↓

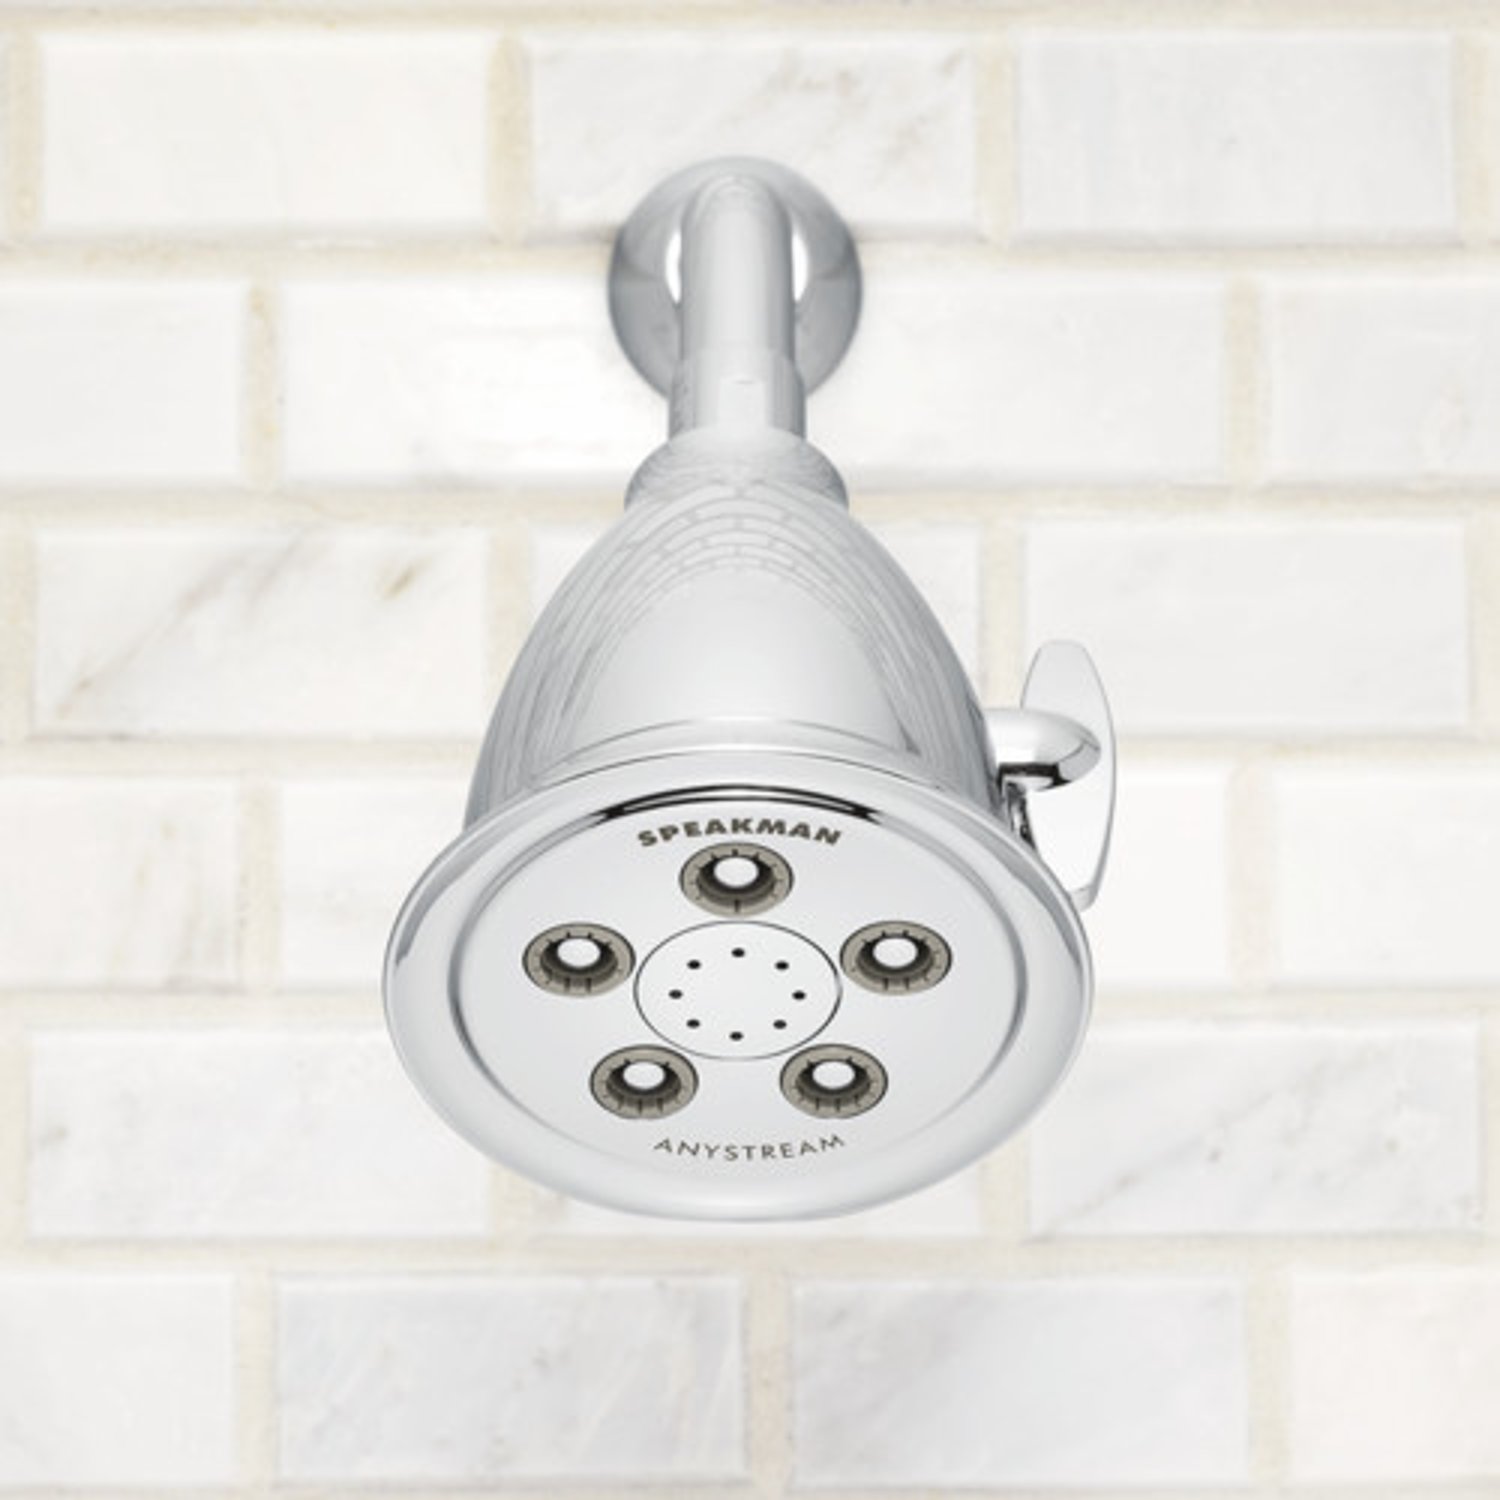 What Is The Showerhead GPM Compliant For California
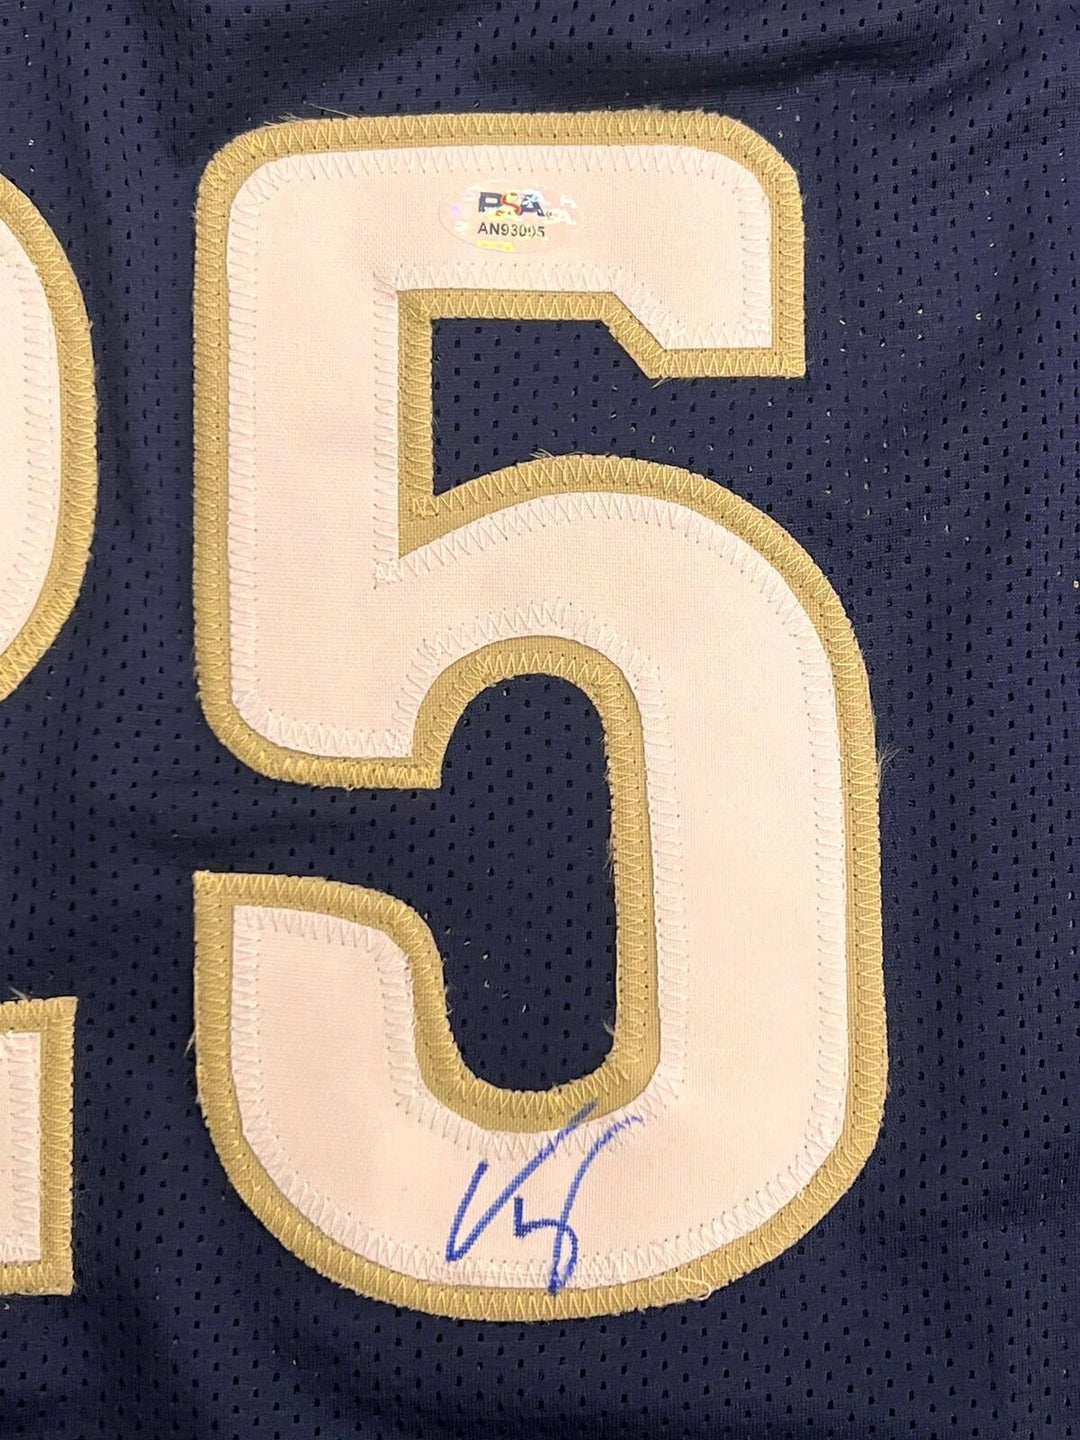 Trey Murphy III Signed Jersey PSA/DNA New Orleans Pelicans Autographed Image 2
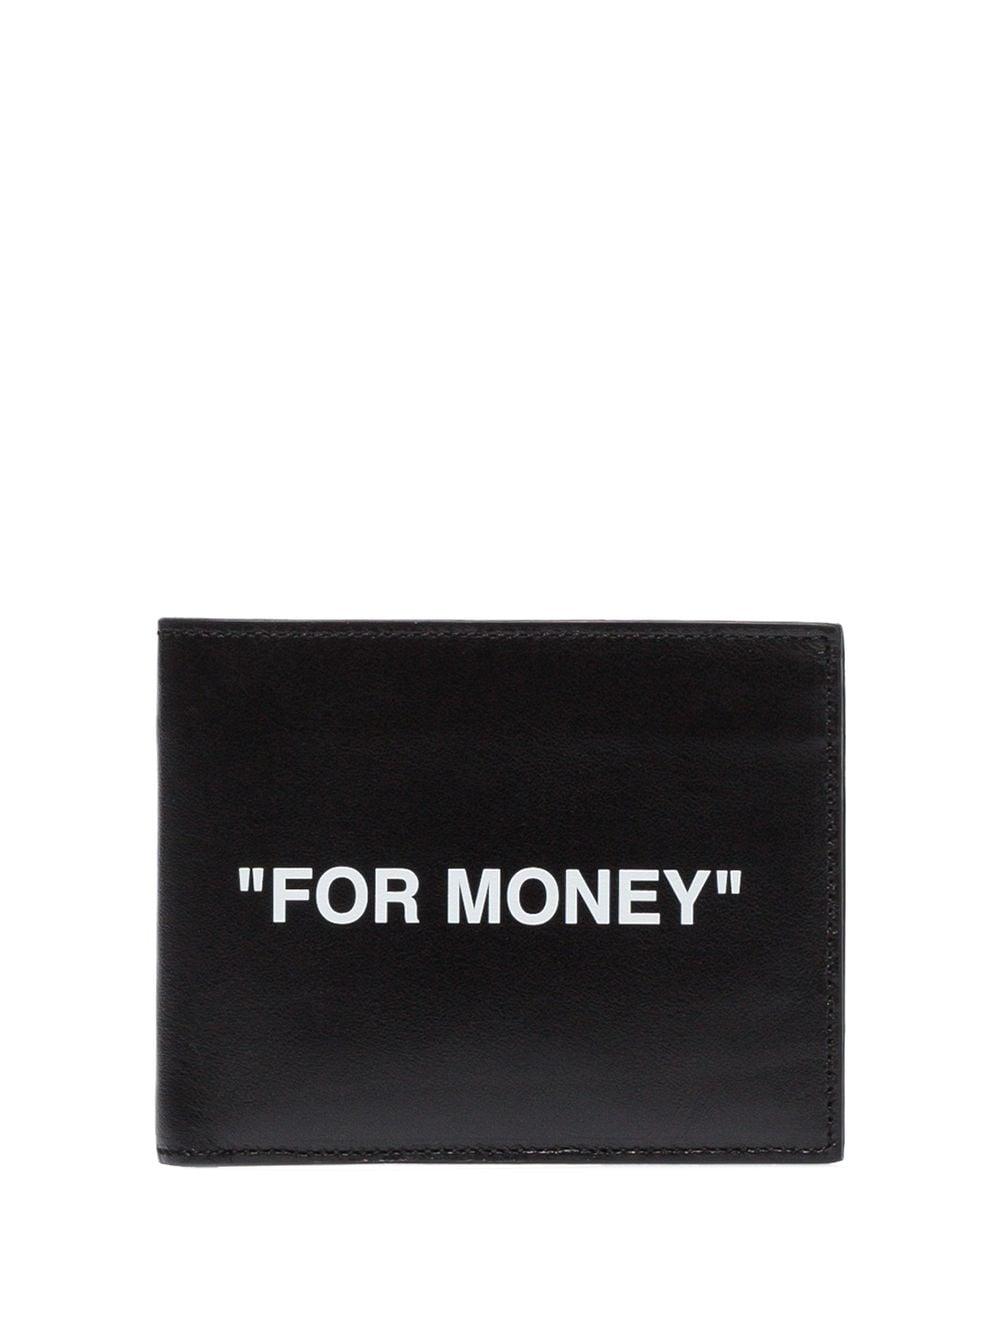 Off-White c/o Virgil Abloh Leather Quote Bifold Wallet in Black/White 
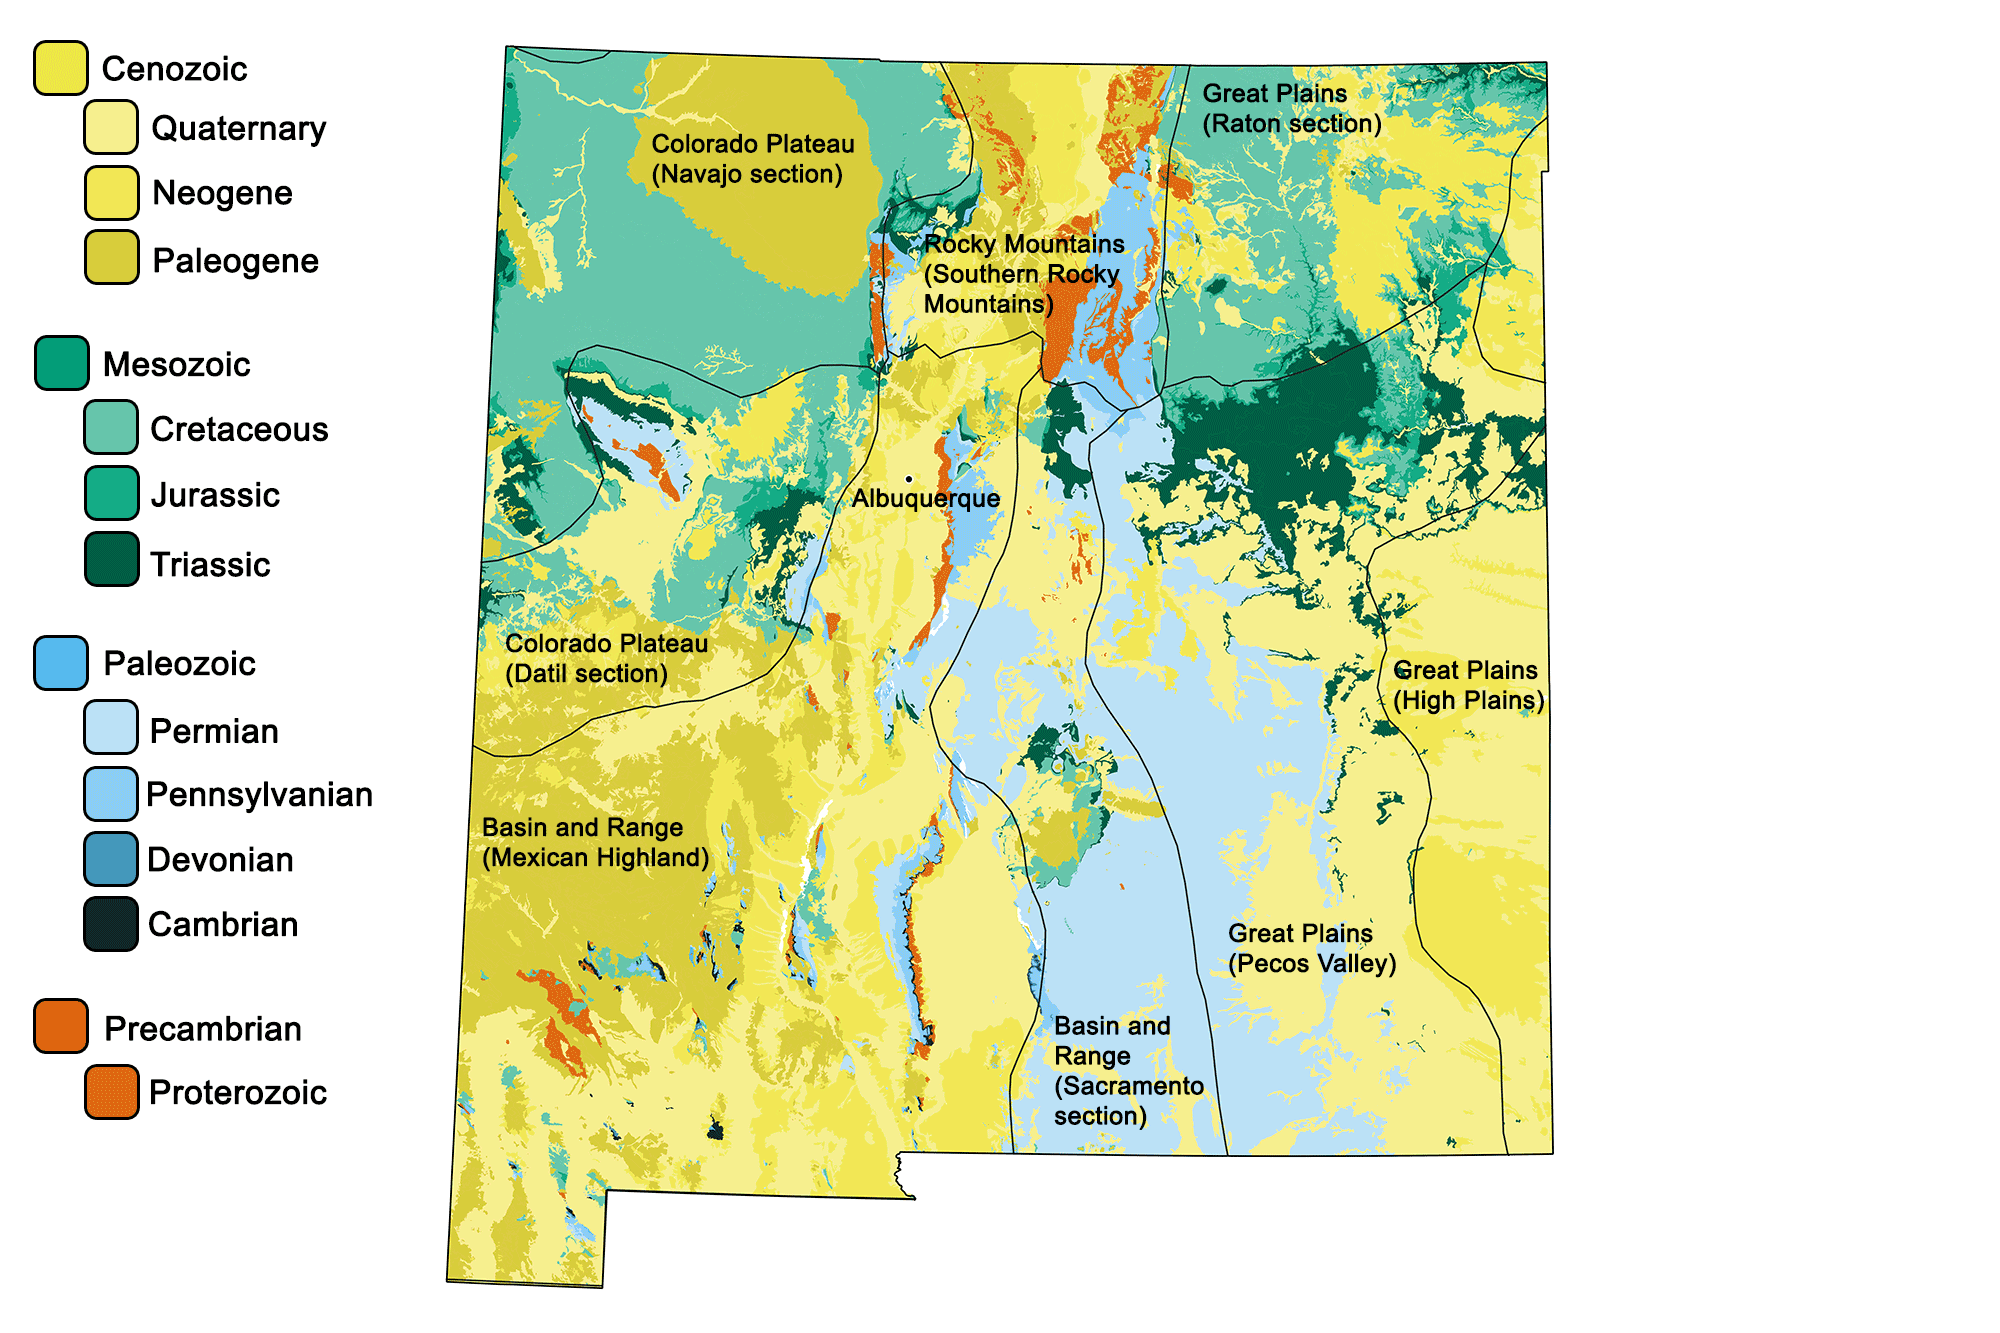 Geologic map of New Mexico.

↑

Give all of the material again, exactly, apart from the pictures.

 What Is The Showerhead GPM Compliant For California
 Trey Murphy III Signed Jersey PSA/DNA New Orleans Pelicans Autographed Image 2
 Off-White c/o Virgil Abloh Leather Quote Bifold Wallet in Black/White 
 Geologic map of New Mexico.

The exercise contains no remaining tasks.